The communications between officials from the Department of the Interior (DOI), Bureau of Ocean Energy Management (BOEM), American Petroleum Institute (API) and major oil companies occurred primarily in 2021, and pertained to federal rules for decommissioning offshore drilling areas. BOEM later published a new proposal to change those rules on June 29 of this year, which would create a revised system for companies to set aside funds for lease area clean-up that some observers say shields the world’s biggest oil producers from billions in potential liability for decommissioning costs.

The proposed changes to the rules, known as federal bonding, could benefit the major industry players operating in the Gulf of Mexico while putting smaller, independent oil and gas companies at a disadvantage, according to analysis conducted by Gibson Dunn, a major law firm. The rules would effectively make smaller oil and gas lessees put up more money for lease-area cleanup.

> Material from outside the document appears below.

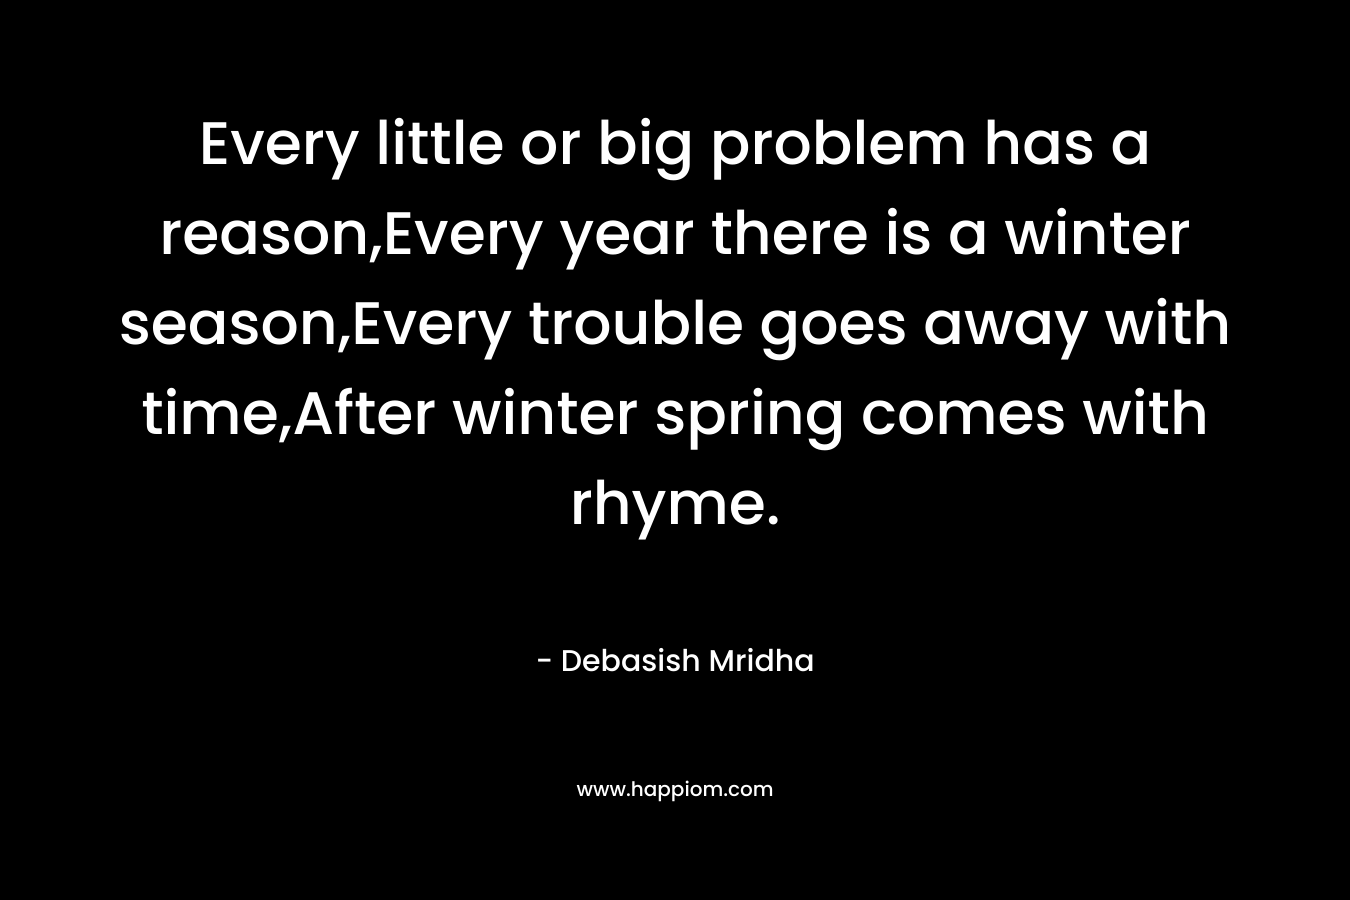 Every little or big problem has a reason,Every year there is a winter season,Every trouble goes away with time,After winter spring comes with rhyme.

“These records paint a picture of the Biden administration saying one thing publicly while appearing to do another behind closed doors. Ironically, in this instance it seems that coziness between senior political appointees at Interior and representatives of Big Oil may be the driver of BOEM’s latest rule on offshore bonding,” Pete McGinnis, spokesman for FGI, told the Daily Caller News Foundation of his organization’s findings.

Major oil companies and API communicated with Biden administration officials on at least six occasions between April and October of 2021, including several calls and virtual meetings that were focused specifically on the bonding issue, the emails show. The bonding rules were mentioned in other communications that more generally addressed the industry’s activities in the Gulf of Mexico as well.

President Joe Biden accused major oil companies of profiteering on the energy market conditions of summer 2022, which many critics assert were a result of the policies of his sweeping climate agenda. He floated the possibility that his administration would investigate the companies for price gouging if they raised prices during Hurricane Ian in September 2022.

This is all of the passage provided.